Results of Rosetta modeling where 21 hypervariable residues were allowed to vary to any of the 20 amino acids

Residue # in TPR Repeat Residue # in TPR1 WT residue Rosetta prediction
2 5 Asn Asp
5 8 Lys Arg
9 12 Asn Asp
12 15 Leu /
13 16 Ser Lys
33 36 His Thr
34 37 Asn Arg
2 43 Asn /
5 46 Ala /
9 50 Lys Leu
12 53 Asp /
13 54 Tyr Phe
33 74 Gly /
34 75 Tyr /
2 73 Lys Arg
5 76 Ser Ala
9 80 Ala /
12 83 Glu Arg
13 84 Phe /
33 104 Asn /
34 105 Asn /

In the next round of modeling, all 11 potentially mutatable residues that changed in the first round of modeling were allowed to vary in both identity and in side-chain rotamers. We found that the changes were consistent between two rounds of Rosetta modeling and the results therefore independent of in silico library size (21 vs. 11 positions mutated). The remaining 10 hypervariable positions were kept as in the original energy-minimized structure.

Of the 11 variable residues identified in the second round of modeling, we chose five residues within 4 Å of the peptide for more extensive modeling trials (Table II). Although 4 Å is a somewhat arbitrary cut-off, we made the assumption that residues closest to the peptide will have the largest effect on binding. All residues were kept as in wild type except for the five residues in the binding pocket, close to the peptide. These five residues were allowed to change into any amino acid, with any rotamer. We repeated this last round of Rosetta modeling 20 times and the frequencies of amino acid occurrences at each position are shown in Fig. 2. It is interesting to note that although we did not obtain the same sequence in every one of 20 parallel rounds of modeling, the sequences coalesce around a unique solution. Positions 46 and 83 remained unchanged over 20 rounds of modeling, whereas positions 8, 50 and 73 were somewhat variable between different rounds.

Table II.

Final Rosetta Design predictions, combinatorial library and consensus sequence

Position WT Rosetta prediction Library Codon Consensus
8 K R K/R/Q MRG R
46 A A Y/F/H/L RWC L
50 K L F/S/L/P/I/T/M/V/A NRN F
73 K R K/R/Q MRG R
83 E R R CGA R

Fig. 2.

Fig. 2

Prediction frequency of Rosetta Design. In the 20 independent rounds of modeling of five amino acids inside the peptide-binding pocket, sequences coalesce around unique solution shown in the third column of Table II.

Guided by modeling results, we constructed a small combinatorial library in which we randomized four of five residues previously discussed (shown in Table II) and restricted the identities of amino acids in those positions. In positions 8 and 73 we allowed wild-type Lys to vary between Lys, Arg and Gln. Lys 50 was allowed to vary to small hydrophobic and polar residues, and also to medium-sized amino acids since Rosetta predominantly mutated this position into Leu.

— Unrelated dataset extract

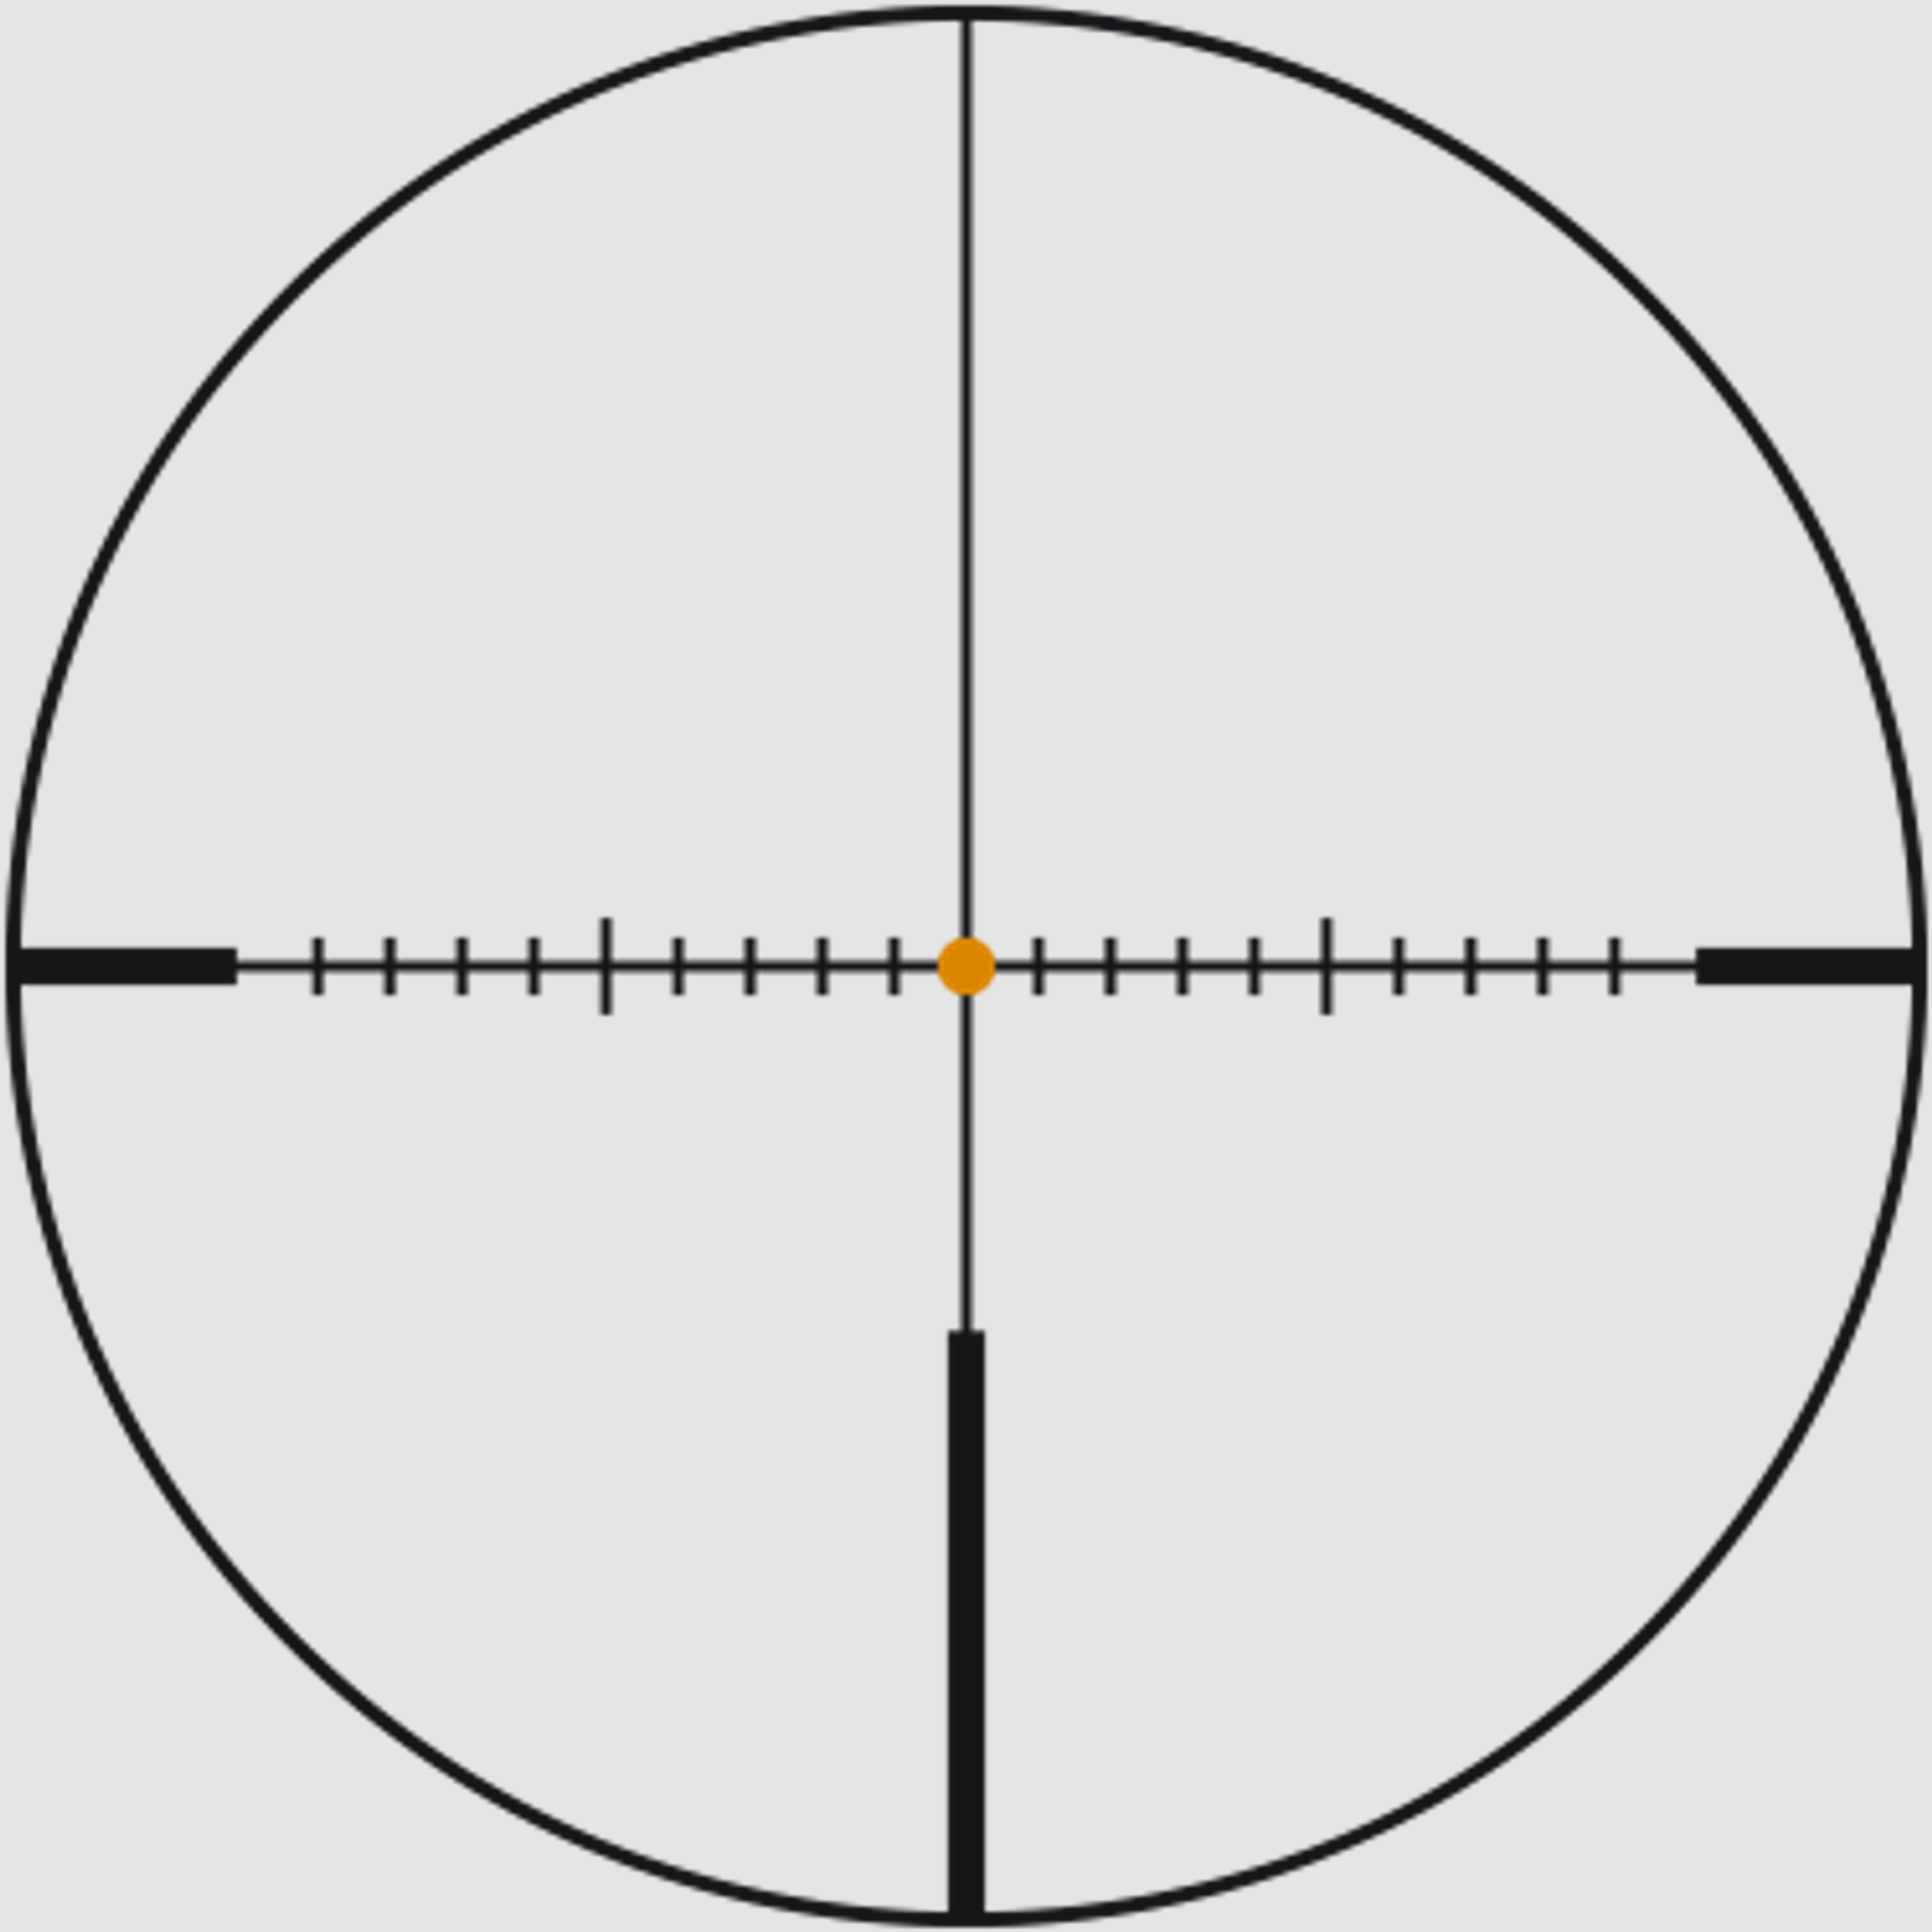 SWAROVSKI Zielfernrohr mit Leuchtabsehen 2,3-18x56 P Z8i L (30mm) Abs. 4A-I/4A-300I/BRX-I/4W-I

We also allowed Ala46, although not mutated in Rosetta, to vary among several hydrophobic amino acids because this residue, together with position 50, forms a hydrophobic cavity for binding of peptide Ile. We hypothesized that a more hydrophobic cavity may increase the affinity of the protein to the hydrophobic part of the peptide.

Targeted mutagenesis plus selection

Rather than synthesizing the gene for each possible TPR1 variant, and testing each purified protein individually, we took advantage of a fluorescent colony assay that allowed us to screen a small TPR1 library on agar plates (Magliery et al., 2005). The composition of the library was based on the Rosetta predictions, and the possible amino acids encoded at each position are summarized in Table II. The theoretical size of this library is 324 protein sequences, encoded by 2048 DNA sequences.

To implement the functional screen, the TPR1 library was fused to the C-terminal half of GFP, and the C-terminal Hsp70 peptide was fused to the N-terminal half of GFP. We have previously shown that only cognate TPR-peptide binding pairs are able to assemble the split GPF and give rise to fluorescent colonies (Magliery et al., 2005, Jackerel et al., 2009).

Cells containing the N-terminal half of GFP fused to the Hsp70 peptide were transformed with the C-terminal half of GFP fused to the TPR1 library, and the cells were plated and incubated to develop fluorescence. Colonies that appeared brightest under UV illumination were chosen, and the TPR1 proteins they encoded were sequenced. The results of sequencing the 40 unique TPR1 clones from bright colonies identified in this fashion are presented in Table III. Because certain amino acids are encoded by multiple codons, the probability of their occurrence is skewed higher (codon bias). We, therefore, normalized the sequencing results for such non-equal codon representation in the library. The last column in Table III shows the amino acid preferences at each position, normalized for library bias.

Table III.

Sequencing results and analysis of codon bias

Residue number Amino acid Occurrence Bias Normalized
8 K 12 1 12
R 24 2 12
Q 4 1 4
46 Y 6 1 6
F 8 1 8
H 7 1 7
L 19 1 19
50 F 10 1 10
S 8 2 4
L 6 3 2
P 10 2 5
I 0 1.5 0
T 1 2 0.5
M 1 0.5 2
V 1 2 0.5
A 3 2 1.5
73 K 5 1 5
R 30 2 15
Q 5 1 5
83 R 40 1 40

The residue with highest occurrence is highlighted in bold.

The screen revealed preferences for particular amino acids at each position. At some positions the favored residue matches well with the Rosetta prediction, for example position 8 is Lys in the wild-type TPR1. Rosetta predicts Arg, and experimentally we find Lys and Arg with equal likelihood. At other positions, the residue predicted by Rosetta is not the one found experimentally. The most dramatic example of such behavior is seen at Lys50, where Rosetta predicted Leu, but experimentally Phe was favored.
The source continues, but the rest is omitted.